Question

The internal energy of a thermodynamic system is given by \( U = a s^{4/3} v^\alpha \), where \( s \) is entropy, \( v \) is volume, and \( a \) and \( \alpha \) are constants. The value of \( \alpha \) is:

• A. 1
• B. -1
• C. \(\frac{1}{3}\)
• D. \(-\frac{1}{3}\)

Hint:

In dimensional analysis, use the known dimensions of each physical quantity to determine the unknown constant α by ensuring dimensional consistency across the equation.

Answer 1

The Correct Option is D

Using thermodynamics and the Euler relation for extensive properties, consider \( U = as^{4/3}v^{\alpha} \).

The Euler relation is:

\[ U = Ts - Pv, \]

where \( T \) is temperature, \( s \) is entropy, \( P \) is pressure, and \( v \) is volume.

Given \( U = as^{4/3}v^{\alpha} \), we find the partial derivatives:

\[ T = \frac{\partial U}{\partial s} = \frac{4}{3}as^{1/3}v^{\alpha}, \]

\[ P = -\frac{\partial U}{\partial v} = -\alpha as^{4/3}v^{\alpha-1}. \]

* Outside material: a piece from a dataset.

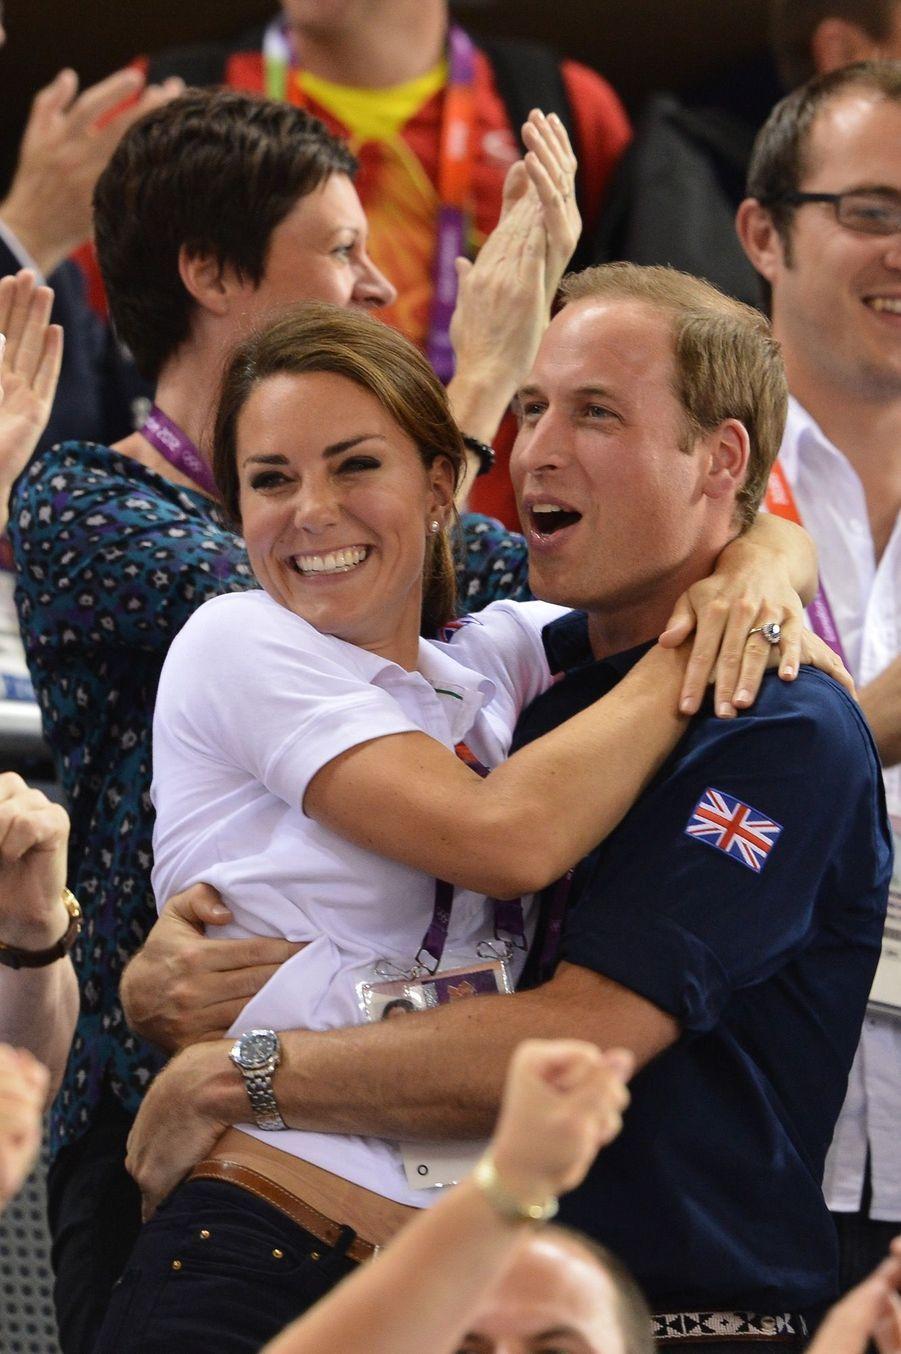 Si Kate et William se permettent une telle proximité en public, c'est pour célébrer une victoire anglaise en cyclisme aux Jeux Olympiques de Londres, le 2 aout 2012.

Substitute into the Euler relation \( U = Ts - Pv \):

\[ as^{4/3}v^{\alpha} = \left( \frac{4}{3}as^{1/3}v^{\alpha} \right)s - \left( -\alpha as^{4/3}v^{\alpha-1} \right)v. \]

Simplify:

\[ as^{4/3}v^{\alpha} = \frac{4}{3}as^{4/3}v^{\alpha} + \alpha as^{4/3}v^{\alpha}. \]

Factor out \( as^{4/3}v^{\alpha} \):

\[ 1 = \frac{4}{3} + \alpha. \]

Solve for \( \alpha \):

\[ \alpha = 1 - \frac{4}{3} = -\frac{1}{3}. \]

Conclusion: Therefore, \( \alpha \) is:

\[ \boxed{-\frac{1}{3}} \]